Scope of This Module
This module is not "a catalog of scalability tricks." It is where reliability stops being a vibe and becomes a number, where performance stops being a benchmark and becomes a distribution, and where incident response stops being heroics and becomes a lifecycle.
What it covers in depth:
- latency, throughput, and utilization as three different quantities, and the USE, RED, and Four Golden Signals families that monitor them
- why averages hide outages and why the entire production dialect of "performance" is written in percentiles
- Amdahl's Law and the Universal Scalability Law, and why throwing machines at a problem has a ceiling
- vertical versus horizontal scaling and why "stateless" is the word that separates the two worlds
- statelessness, sticky sessions, and external session stores
- caching at every layer of the stack, cache update patterns, and why "there are only two hard problems in CS" is about this
- Service Level Indicators, Service Level Objectives, and error budgets as the contract between reliability and velocity
- cascading, correlated, and gray failures - the three failure patterns that defeat naive redundancy
- chaos engineering and game days as the empirical discipline that replaces "we tested it in staging"
- Little's Law, queuing intuition, and back-pressure as the math behind overload
- load shedding, rate limiting, and admission control as the levers you actually pull under overload
- capacity planning with headroom, peaks, and growth curves
- the three pillars of observability: metrics, logs, traces
- the incident lifecycle: detect, triage, mitigate, resolve, review
- blameless postmortems and the learning systems that turn one outage into structural improvements
What it deliberately does not try to finish here:
- a full performance-tuning curriculum (flame graphs, kernel tracing,
perf, eBPF) - database-specific tuning beyond what Semester 6 covered
- a complete incident-command playbook (that belongs in Module 5 leadership context)
- SLO math in its deepest form (multi-window, multi-burn-rate alerts get referenced but not exhaustively modeled)
If you leave this module still saying "we'll scale it when we need to" or "the average response time looks fine," the module is not complete.
Before You Start
Answer these closed-book before starting the main path:
- Your service's average latency is 120ms.

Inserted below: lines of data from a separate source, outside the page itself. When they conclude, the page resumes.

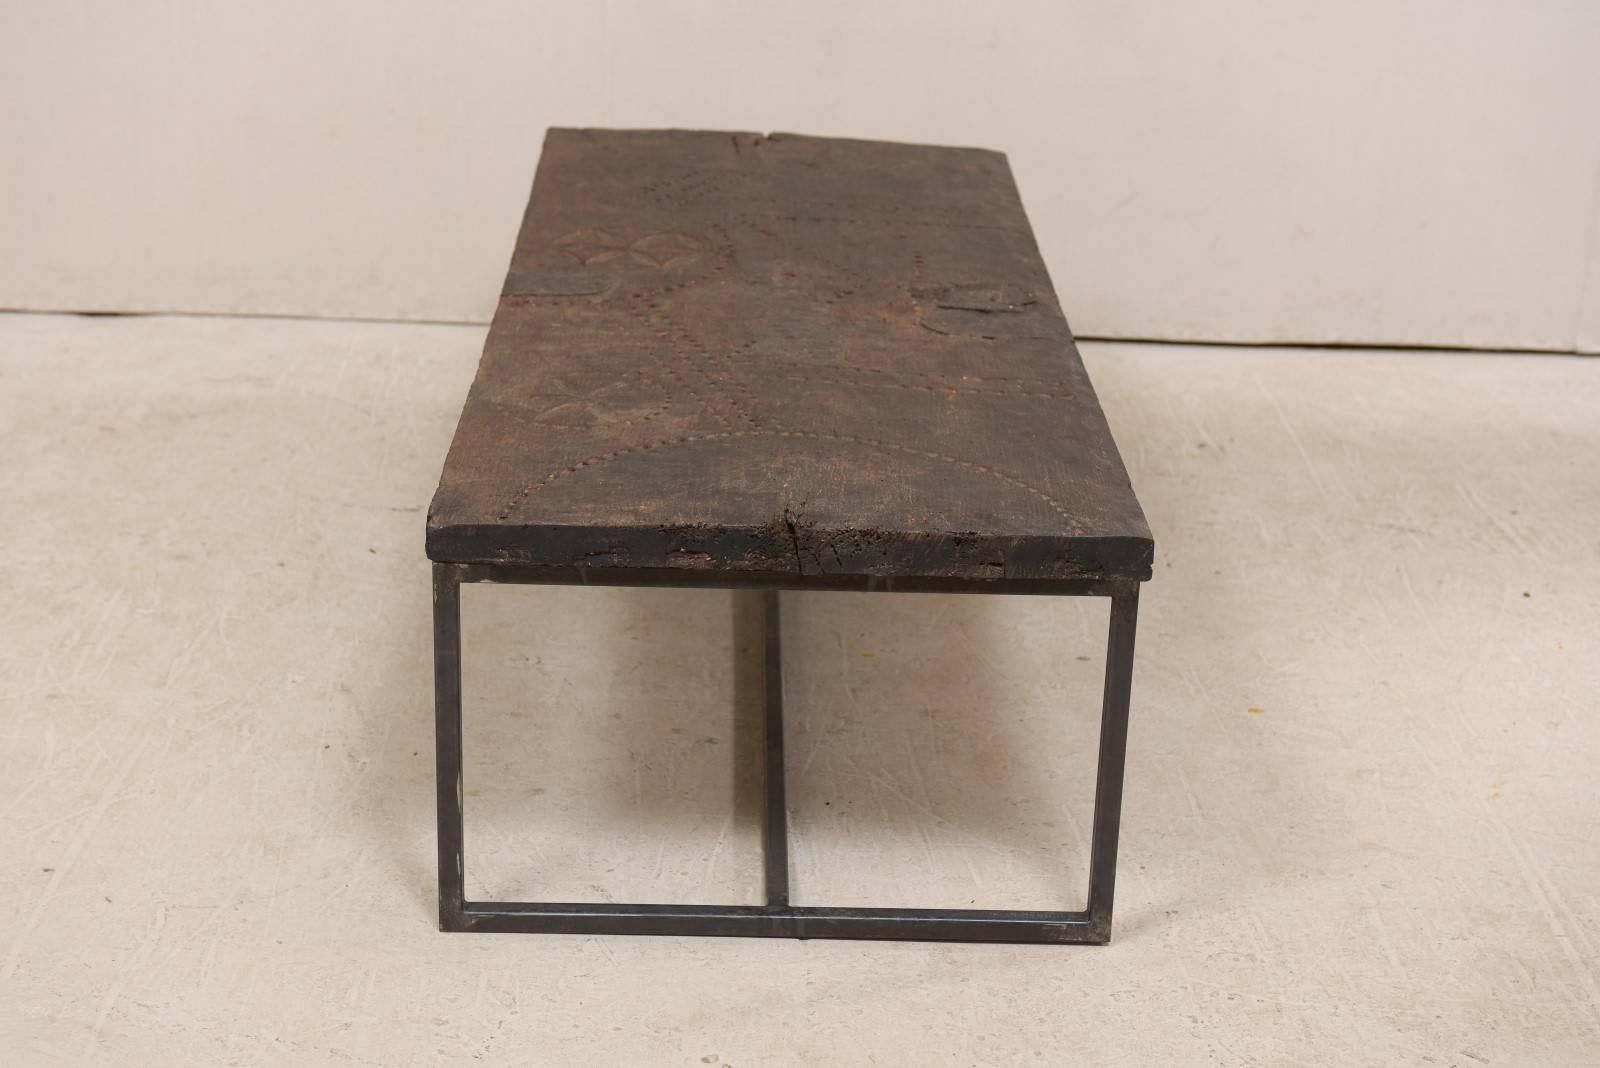 Carved Coffee Table Made from 18th Century Spanish Wood Door and Custom Iron Base
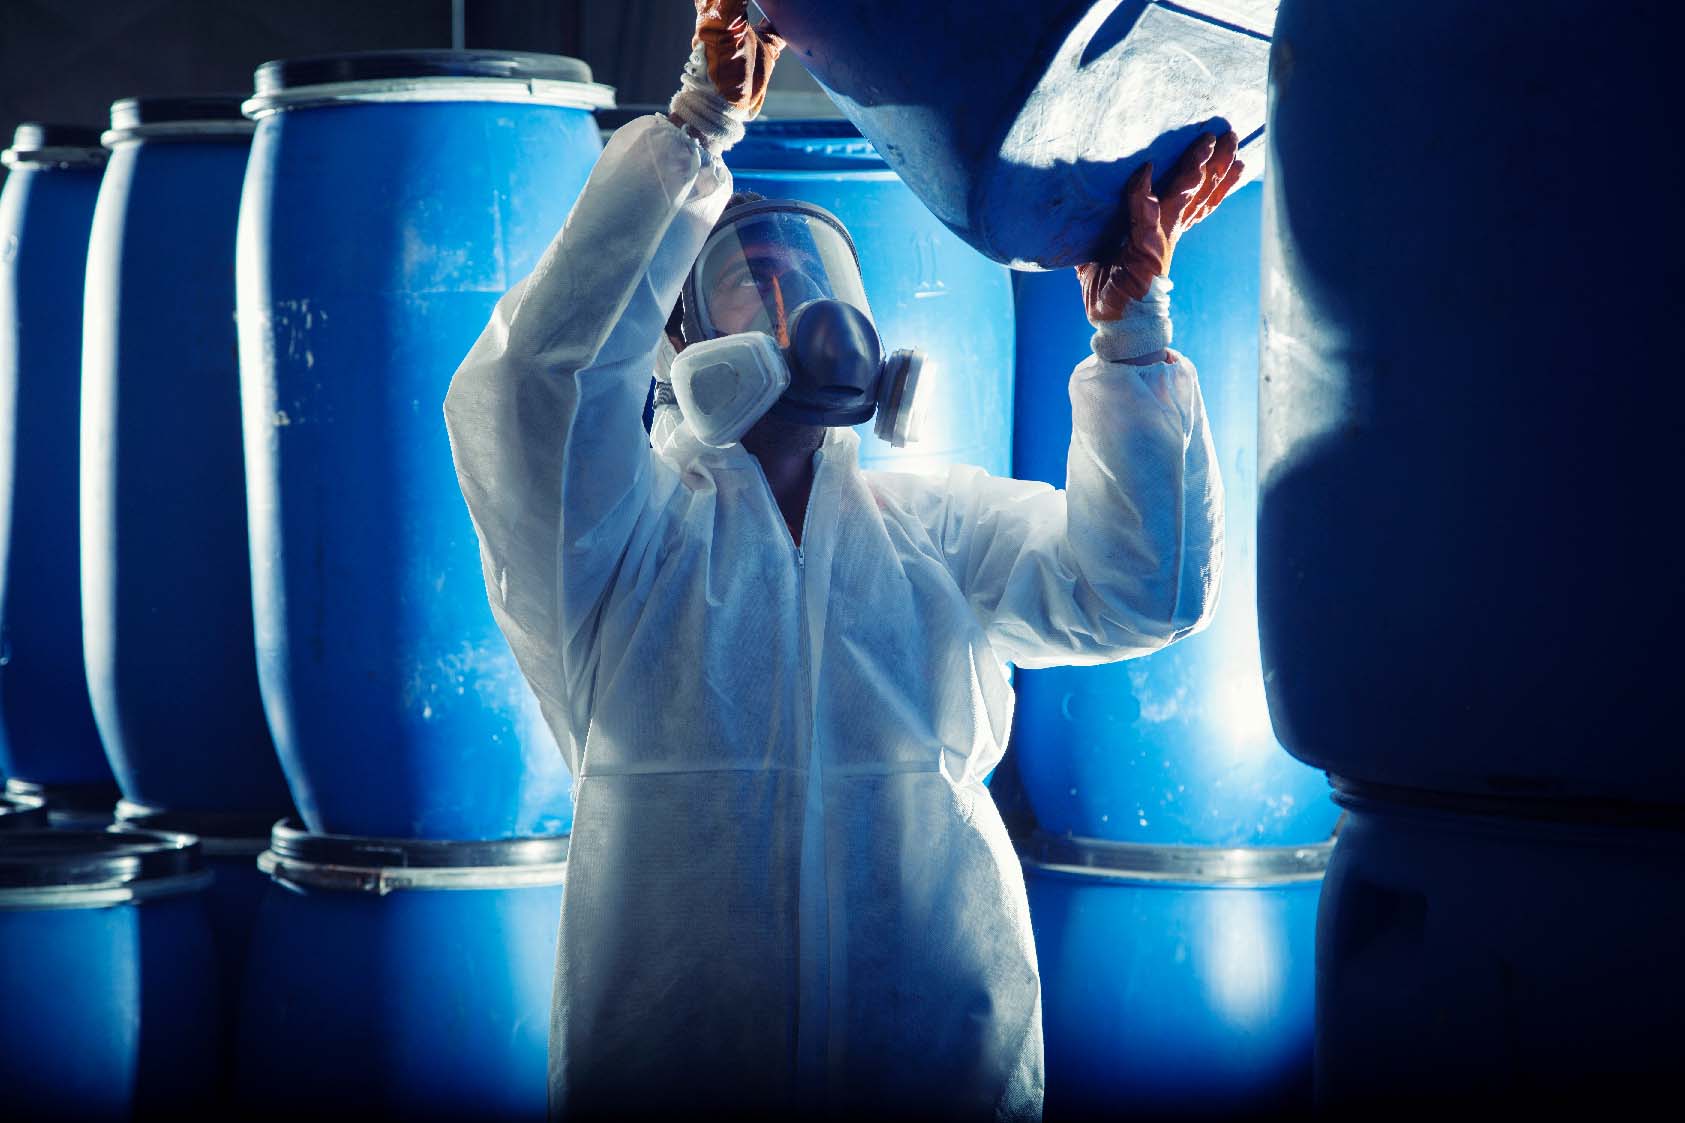 Completing Your Mission with Comprehensive Hazardous Material Management
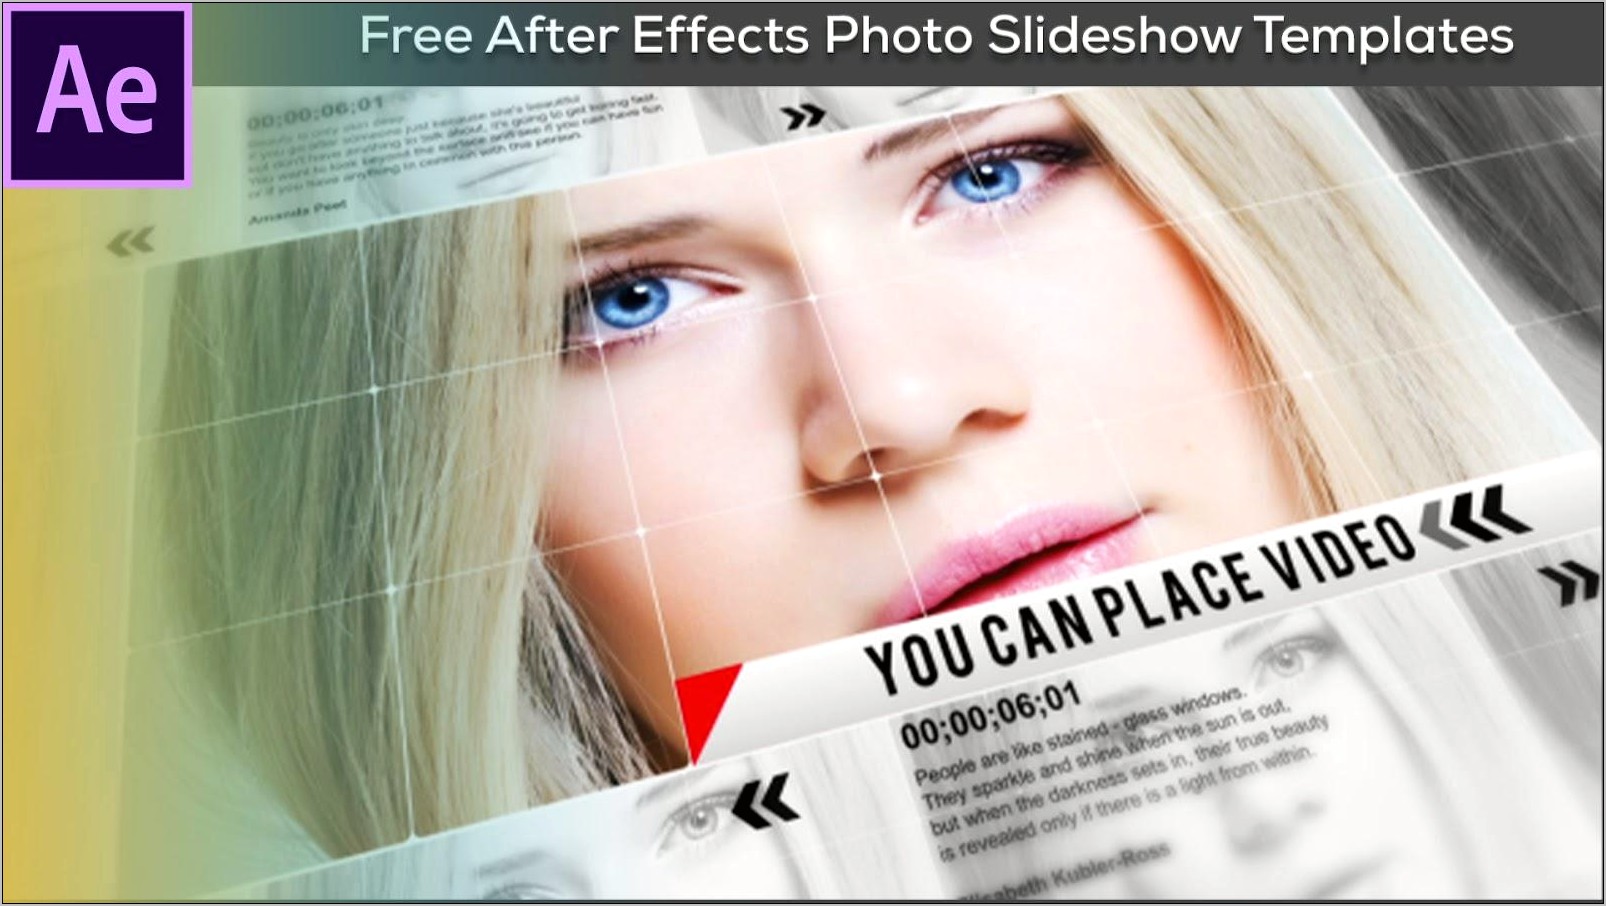 After Effects Template Free Download Slideshow
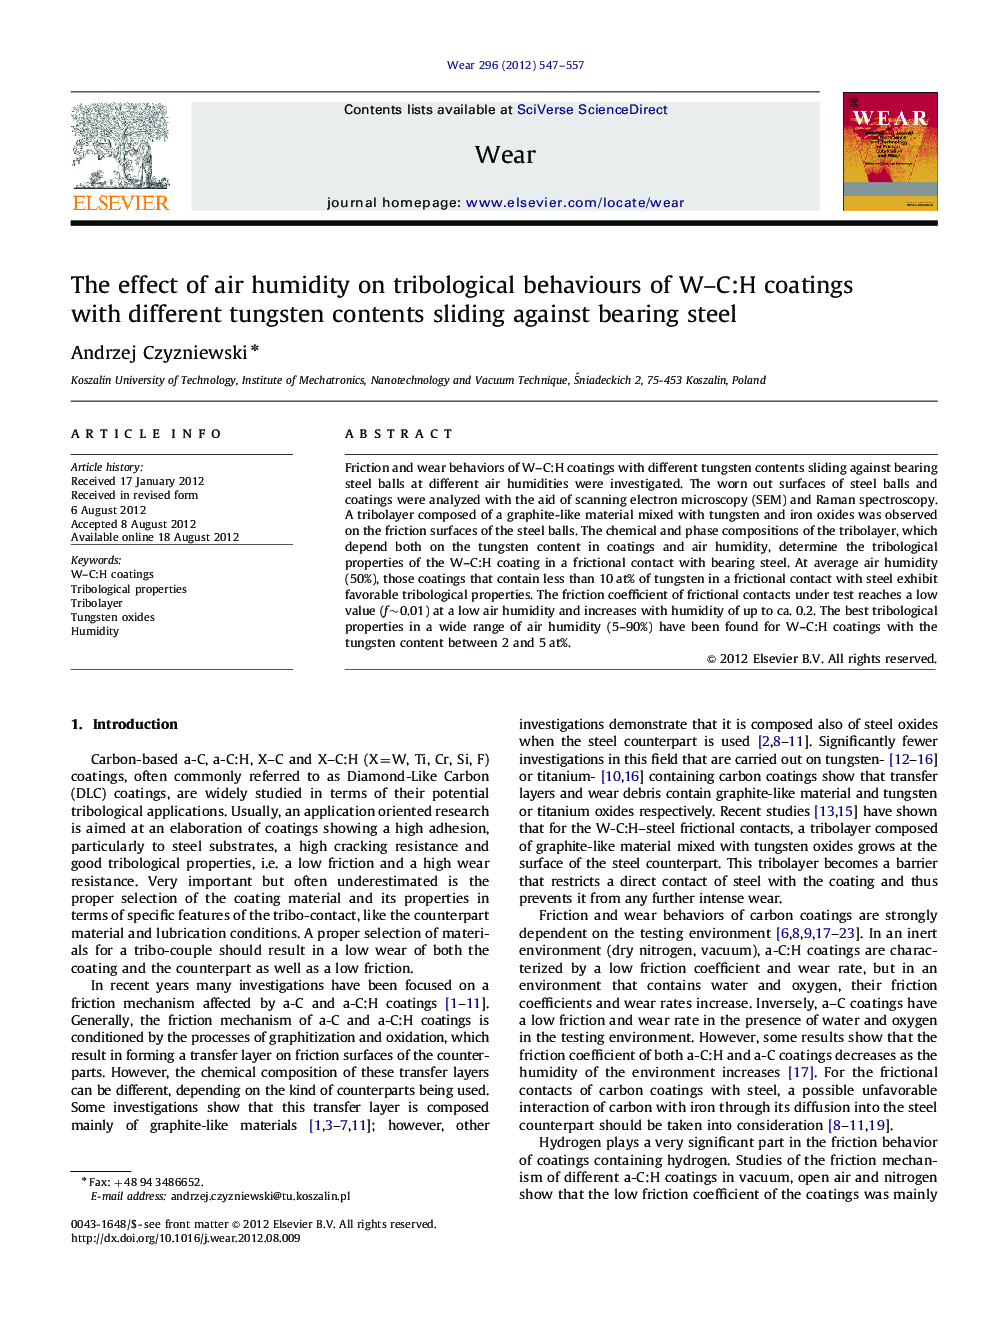 The effect of air humidity on tribological behaviours of W–C:H coatings with different tungsten contents sliding against bearing steel

Is that a good number? Why is the answer almost always "I don't have enough information"?
- Your single-instance service handles 1,000 req/s. You add nine more instances behind a load balancer. What is the upper bound on new throughput, and why is it almost never 10,000?
- A bug causes one microservice to time out. The other six services that depend on it start returning 500s. What is this pattern called and what protects against it?
- Your team's SLO is "99.9% availability per quarter." Over 90 days, how much downtime does the error budget permit?
- It's 3am and the pager just went off. What is the very first thing you do - and why is it not "open the code"?
Diagnostic Interpretation
4-5 solid answers
- You are ready for the full path.
2-3 solid answers
- Continue, but expect extra time in Cluster 3 (Reliability Engineering) and Cluster 4 (Capacity Planning and Load).
0-1 solid answers
- Revisit Semester 6 Module 5 (Distributed Systems Fundamentals) briefly. Reliability work here only makes sense on top of a concrete mental model of partial failure and retries.
What This Module Is For
Scale and reliability are the two places single-machine engineering intuitions quietly go to die. Later work in your career will repeatedly ask:
- my dashboards are green but users are complaining - what is wrong with my dashboards?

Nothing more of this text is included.